И как только Васька сказал это, я сразу доверился ему.
Бежим рядом, взявшись за руки, оба одинаково оборванные, босоногие, оба одинаково веселые, счастливые тем, что несем обед дедушке Никанору.
Вот и шахтный двор: черное, замасленное прозрачное колесо над деревянным копром, дрожащая, замазученная нитка железного каната, крутая лестница, присыпанная угольной порошей, шахтеры, сверкающие белками глаз, бледные подслеповатые огоньки шахтерских лампочек...
Взлетаем на вершину лестницы. Бежим по какому-то деревянному сооружению, где катятся по рельсам туда и сюда с углем, породой и порожние шахтные вагончики.
Васька останавливается перед вагонеткой, полной угля, густо запотевшей крупными чистыми каплями, поворачивается ко мне, показывает свою щербинку:
— Видишь?.. Эта только что из-под земли вынырнула. Свеженькая!
И бежит дальше, ловко и бесстрашно перепрыгивая через шпалы и рельсы, висящие над пропастью.
Еле поспеваю за ним.
Он останавливается перед четырехугольной ямой, огражденной железной ржавой решеткой, снисходительно смотрит на меня.
— Что это такое, знаешь? — И не дожидаясь моего ответа, говорит: — Ствол, двери в шахту.

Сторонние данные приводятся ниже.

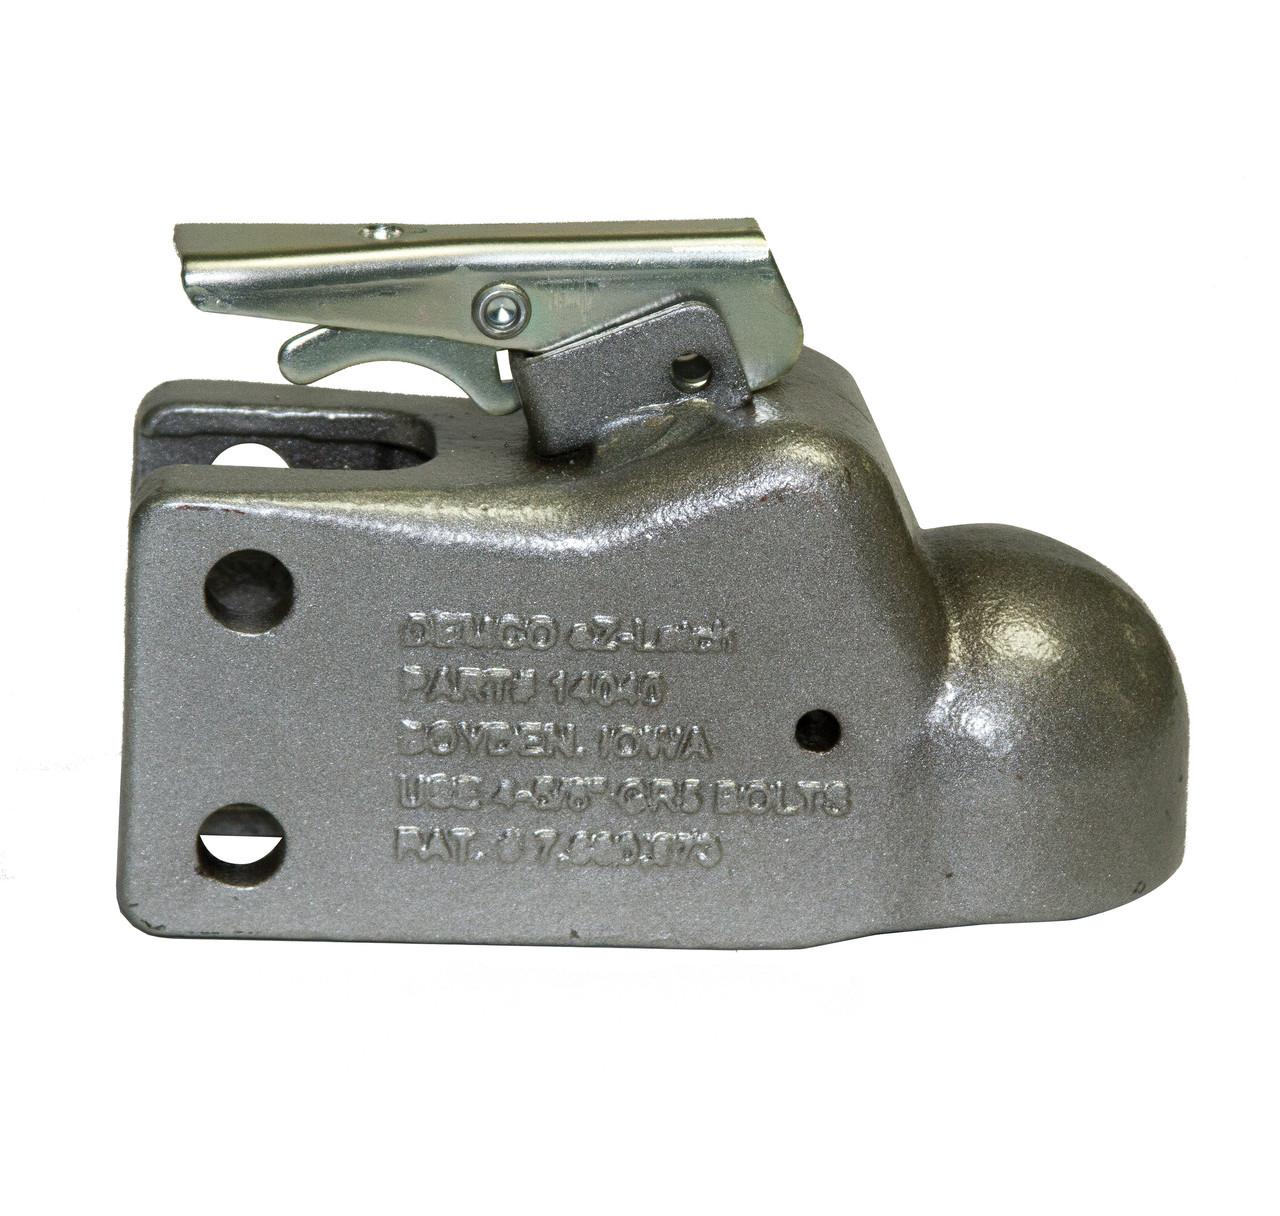 "15791-52 --- Demco Adjustable Coupler - 21,000 lbs Capacity - 2-5/16"" - Silver"

К нам подходит высокий сутулый человек в тяжелых мокрых чунях, в набрякшей шапке, в брезентовом плаще, подпоясанном бечевкой. Васька весело с ним здоровается:
— Наше вам, дядя Никита! — Повернувшись ко мне, добавляет: — Сторож ствола, рукоятчик.
Я тоже здороваюсь с Никитой. Я хорошо и давно его знаю. Он живет в Собачеевке на нашей, солнечной, стороне оврага. И Никита меня тоже знает. Но он смотрит на меня и на Ваську так, будто в первый раз видит.
— А вы чего сюда забрались, мальцы ? — гудит над нашими головами сиплый простуженный голос Никиты.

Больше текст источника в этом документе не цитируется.